# What is being asked
In the listing below, locate the line with "Atlas przyrody dla dzieci" and the line with "Gonfiato il palloncino", then output both and everything between them exactly, minus any pictures.

# Extracted data
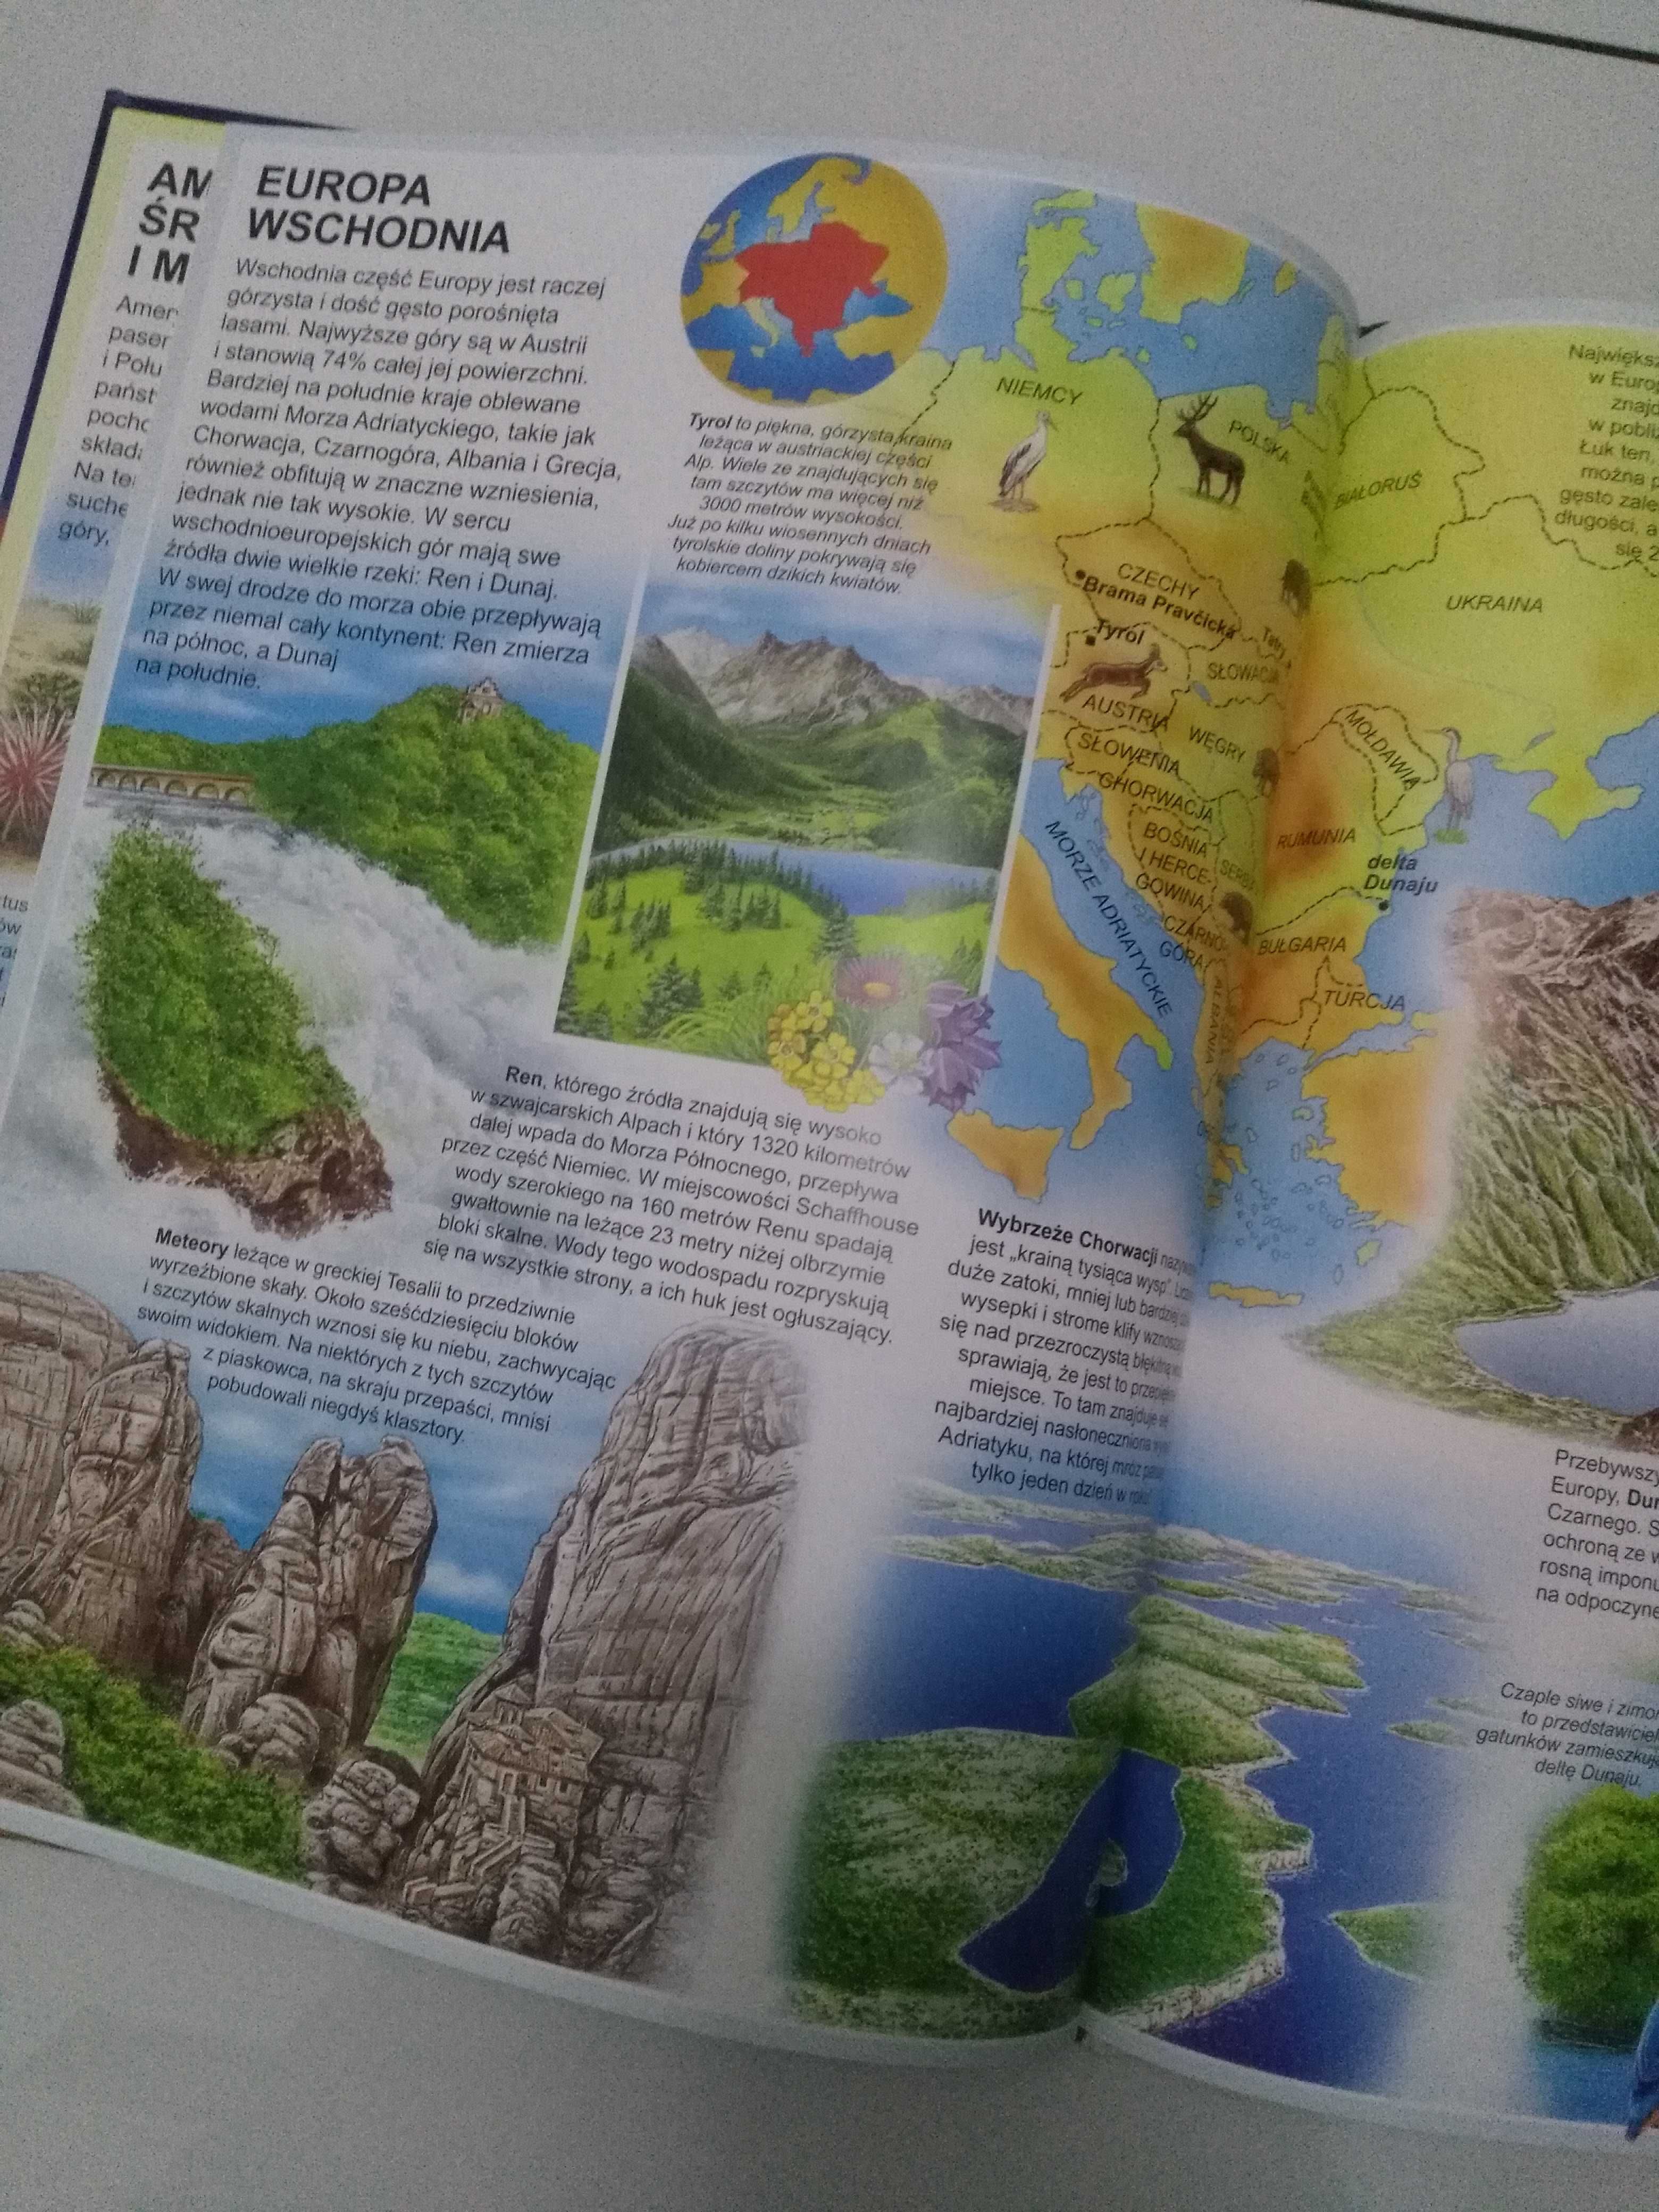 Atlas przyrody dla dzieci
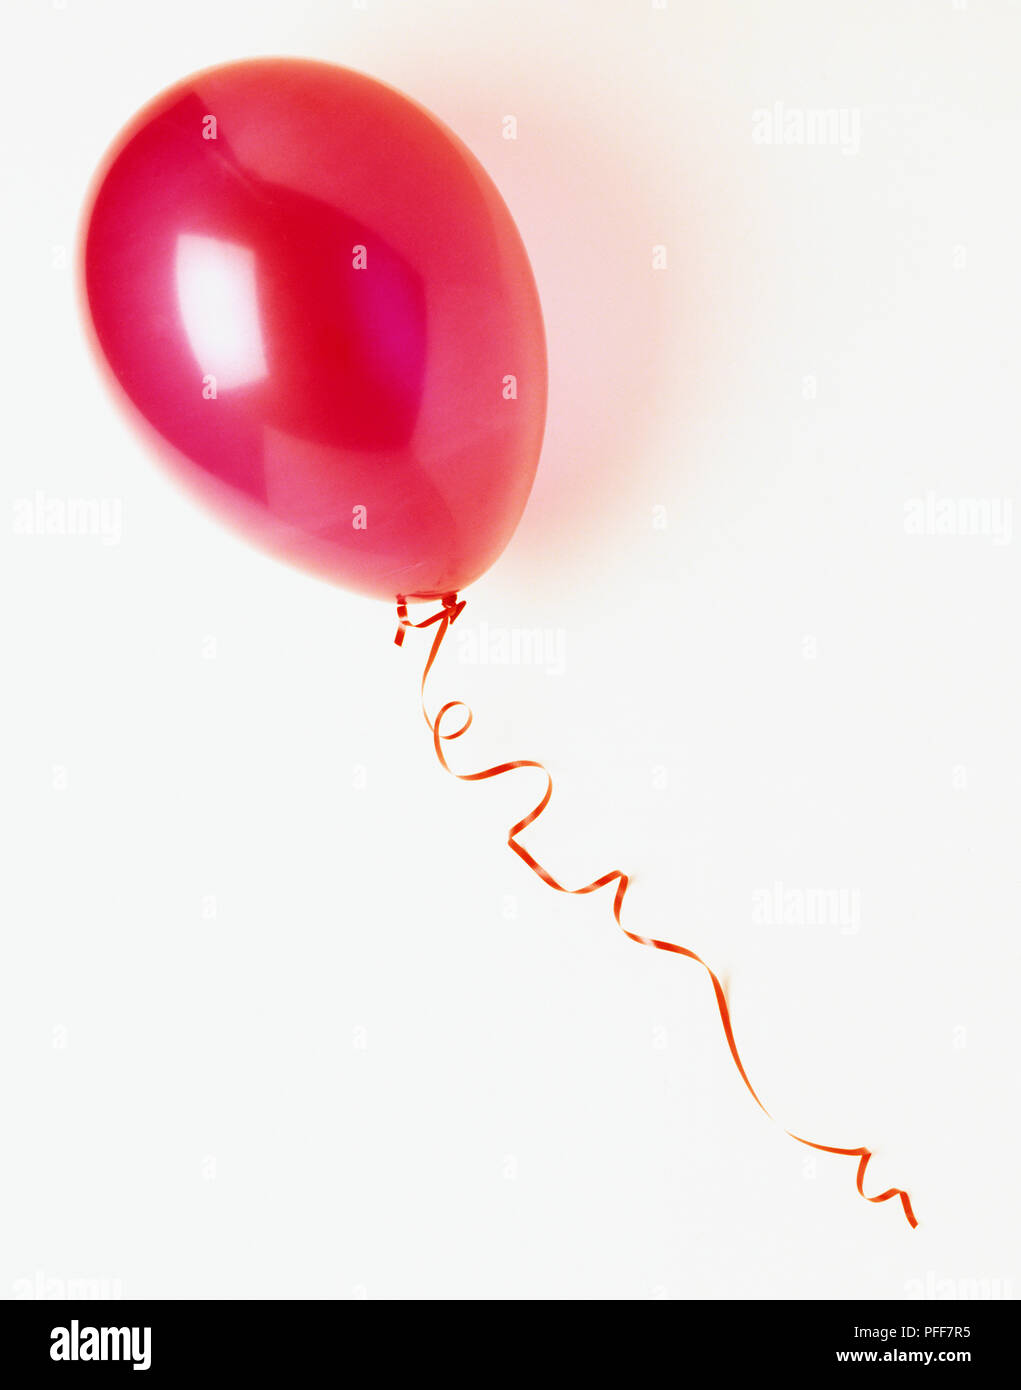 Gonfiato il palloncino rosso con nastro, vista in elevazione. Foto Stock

---

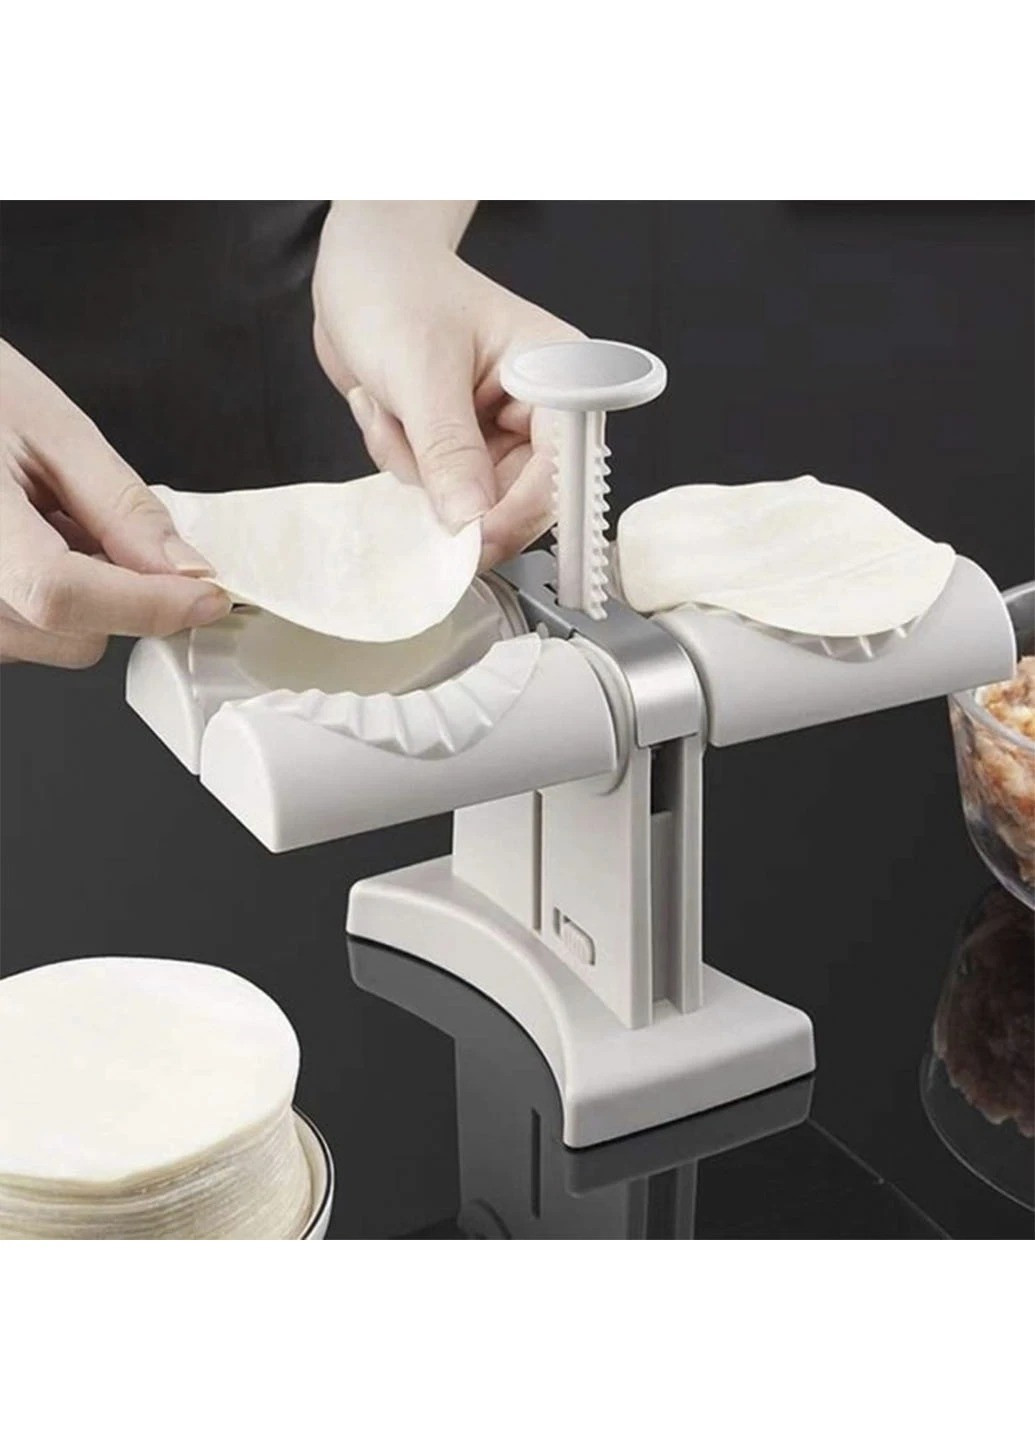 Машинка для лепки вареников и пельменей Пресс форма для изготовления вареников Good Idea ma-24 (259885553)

# Task solution
 Atlas przyrody dla dzieci
 Gonfiato il palloncino rosso con nastro, vista in elevazione. Foto Stock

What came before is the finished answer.